How long had the machine been in this condition, and what else might have been affected? It could not have been for very long, since the previously run KT11 diagnostics would certainly have failed. But the situation was spooky, and instilled some uncertainty about other data that had recently been retrieved via the front panel...

February 5

Noel clears away one additional address calculation error:

So I had to grub a bit to find this, but here's what I said:
With KISA7 at 001641, 0164100 should be the first location after the stack, so 0164060 and up would be good. They should be:
060: 000000 000020 000001 177770 177774 177777 071554 000000
and I have no idea how I screwed the address there up that that badly. The data I'm showing there is the top (address-wise; i.e. bottom, push-pop-wise) of the user stack, and I think it's correct. However, it's UISA7 which contains 01641, and that's the 'bottom' of that segment. I had previously done the math correctly:

base of user data is at 0176000 (per UISA1 contents), runs to 0201476 (i.e. plus 03500); the stack would run from 0201500 to 0204076 (i.e. plus 02400). So the stack segment 'base' would be 020000 below the next word, or 0164100.

So physical 0164060 is just in the middle of nowhere; it's somewhere in the middle of the text (which starts at physical 0161400).

If you could try this again, and check the top of the actual user stack (which will be at physical 0204060-0204076), I'd really appreciate it. I do expect it to be correct: the process core dump has it correct (as shown by the analysis of argc, argv, etc).

And I am able to get some consistent, correct, data after the power-supply tune-up:

Okay, latest numbers for you!

Stack, confirmed:

PA:204060: 000000 000020 000001 177770 177774 777777 071554 000000

Text; as I had feared, a few dropped bits there! Went ahead and grabbed you eight extra words while I was there:

PA:171600: 016162 004767 000224 000414 016700 016152 016702 016144
PA:171620: 004767 000206 000405 012404 012467 016124 000167 177346

In disassembly from 171602, this yields:

171602:   JSR     PC,172032
171606:   BR      171640
171610:   MOV     7766,R0
171614:   MOV     7764,R2
171620:   JSR     PC,172032
171624:   BR      171640
171626:   MOV     (R4)+,R4
171630:   MOV     (R4)+,7760
171634:   JMP     171206

...which looks at least like feasible code, if not the code we are expecting?

Last, a note on procedure for using the front panel to verify KT11 address mappings:

The way this works is you select the mapping set you want (in our case, USER I) with the top knob on the console, then toggle in a virtual address, hit "LOAD ADRS", and then when you hit "EXAM" it maps your provided address through the selected set. Under these circumstances, I'll also see the "KERNEL" light go out and the "USER" light light up on the front panel indicating the active mapping set. You can then flip to "PROG PHY" to see the mapped-to physical address. This is not explained very clearly in the handbooks; it took me a little experimentation to figure out how to do it.

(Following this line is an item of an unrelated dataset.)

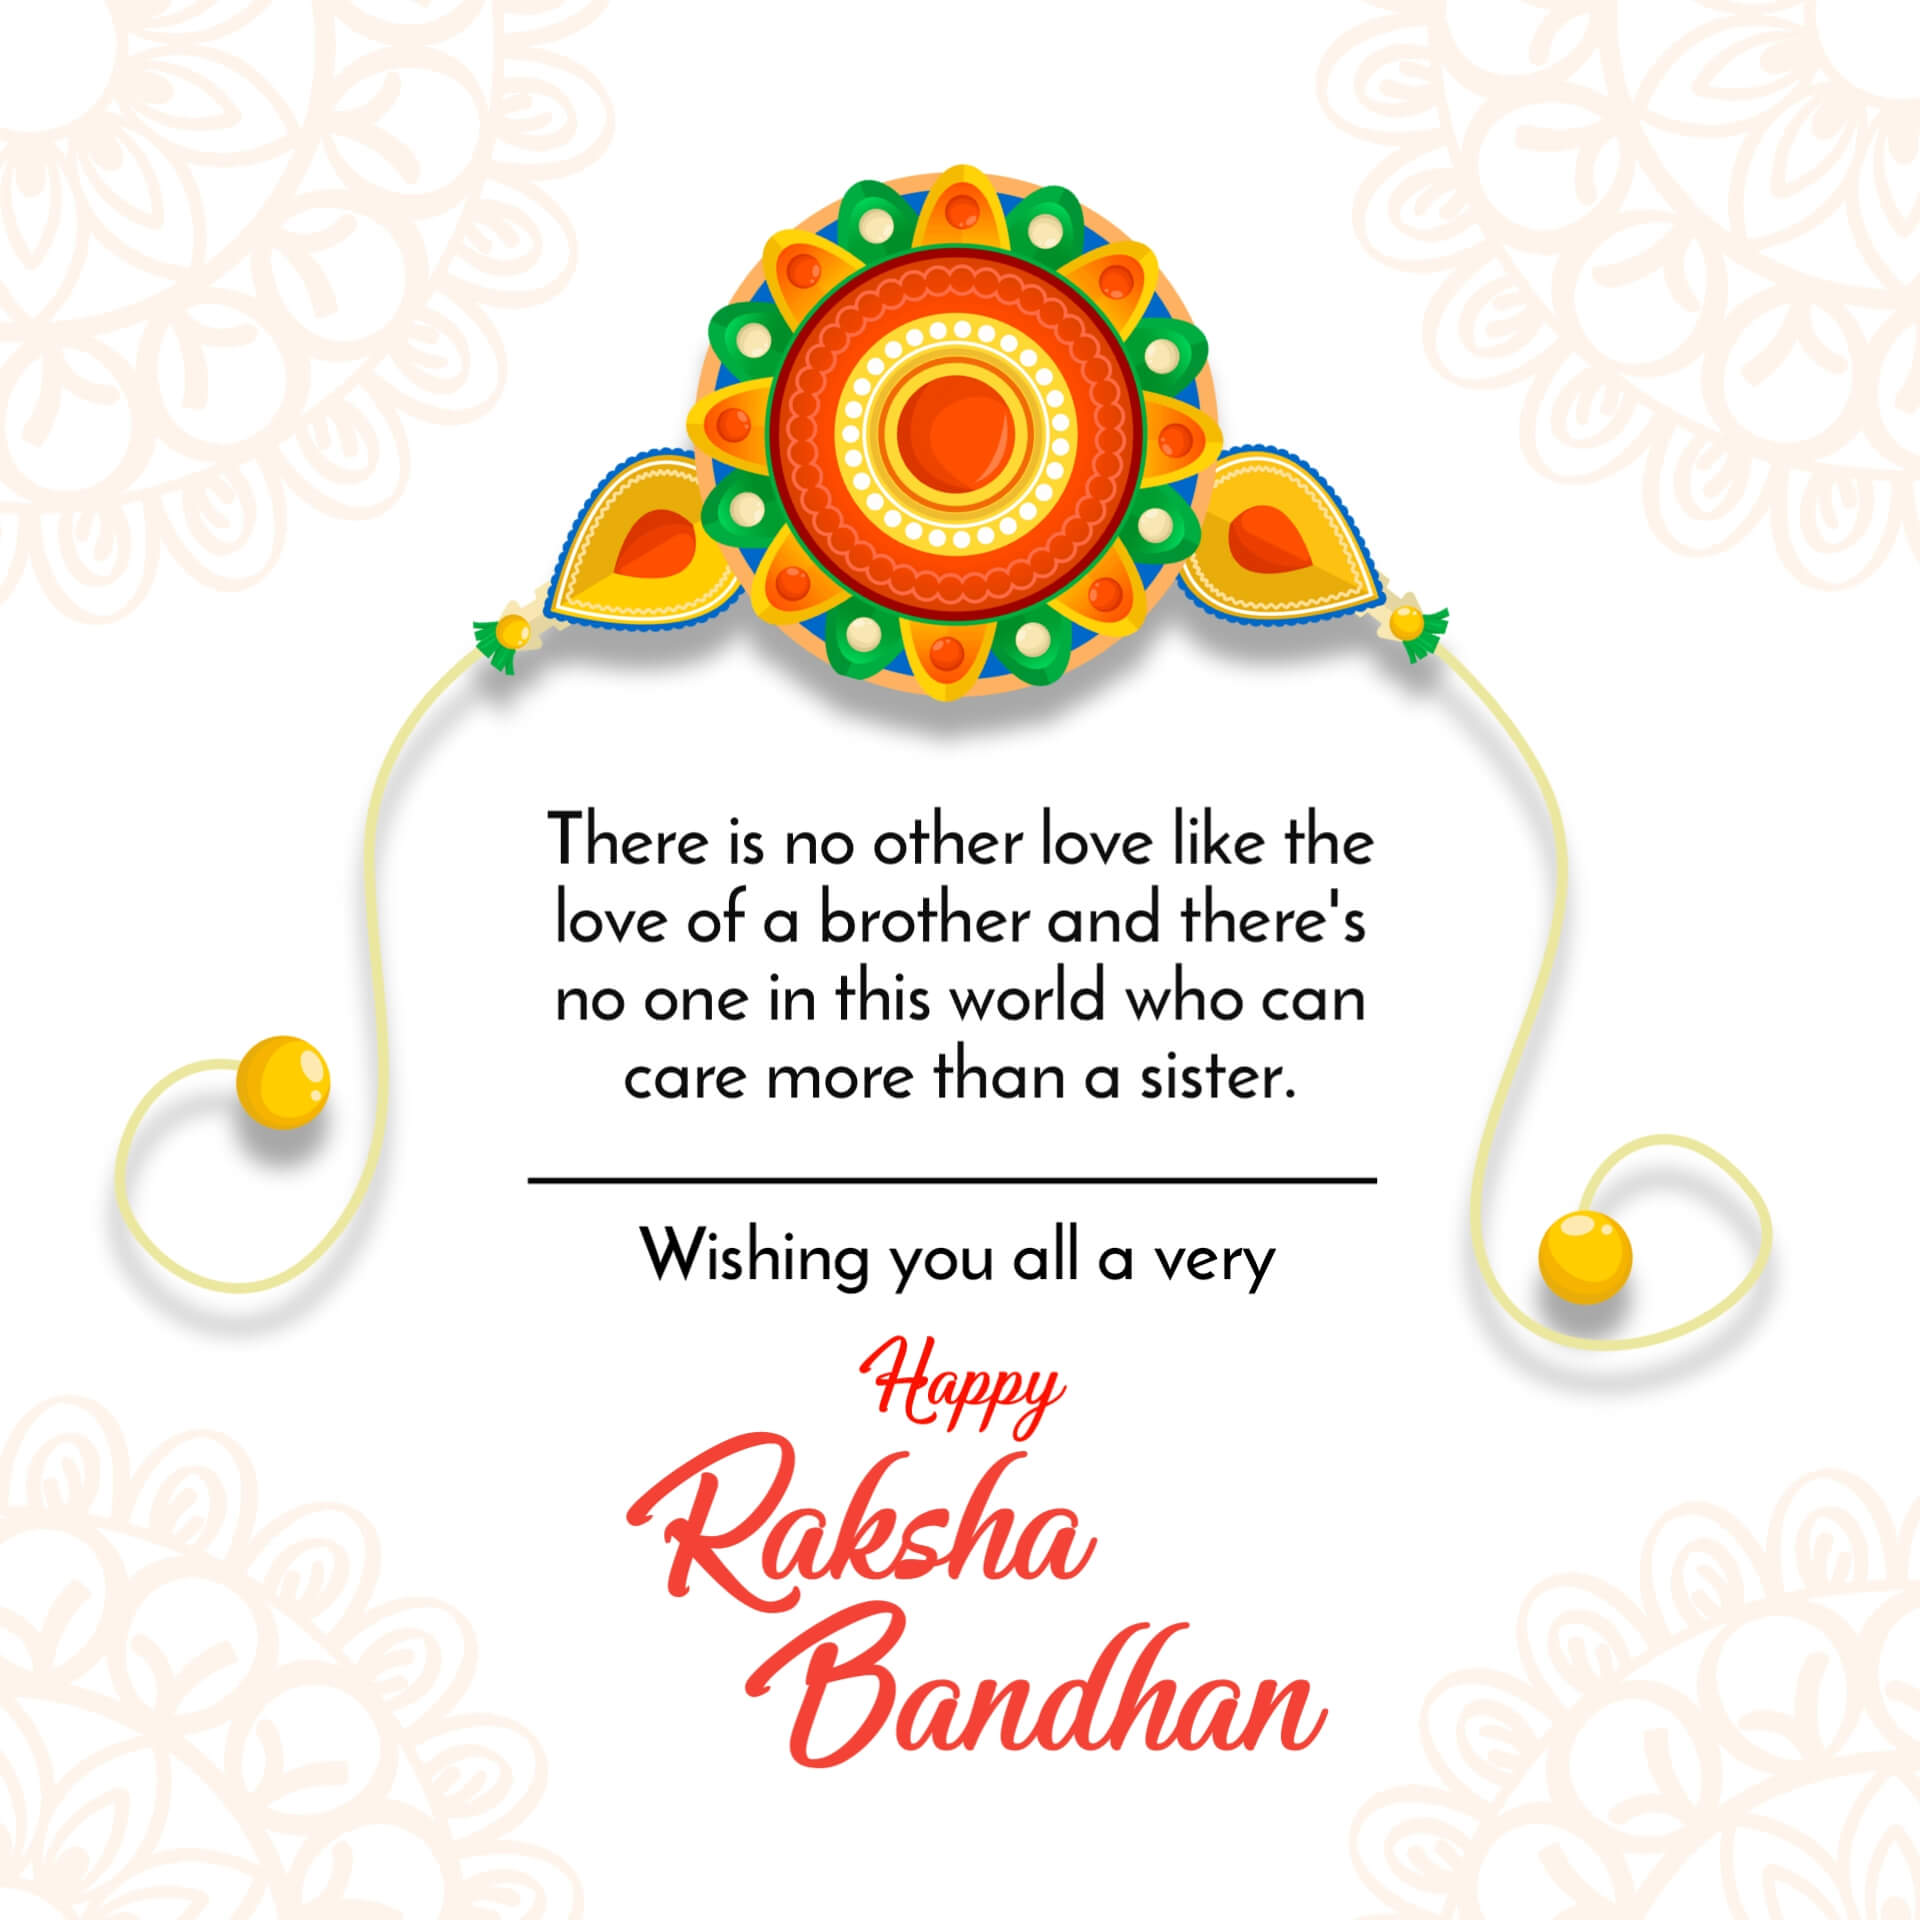 Raksha Bandhan wishes Image

Anyway, in our case, I toggle in "10210", and can read out "171610".

February 6

Noel:

In disassembly from 171602, this yields: ...which looks at least like feasible code

The first 4 words, yes, but not the rest. (Oh, and your disassembly is wrong; you used PA addresses, not VA.)

But excitingly, that could explain the MM trap, since 16700/16152 at VA: 010210 gives us:
MOV 26364, R0
and that address is in segment 1, which is only 03500 long...

Fritz:

Also, that exact sequence does occur in the ls binary!

From last night:

PA:171600: 016162 004767 000224 000414 016700 016152 016702 016144
PA:171620: 004767 000206 000405 012404 012467 016124 000167 177346

And from an od on bin/ls:

0004220 016162 004767 000224 000414 016700 016152 016702 016144
0004240 004767 000206 000405 012404 012467 016124 000167 177346

All together, this brings us to a significant juncture in the debug effort: the power supply issue has been addressed, and various red herring have been cleared away. Pre-conditions which exactly match the observed fault are apparent. We are left with a single, consistent, and reproducible issue: part of the process address space ends up holding the wrong part of the program text. But how, and why?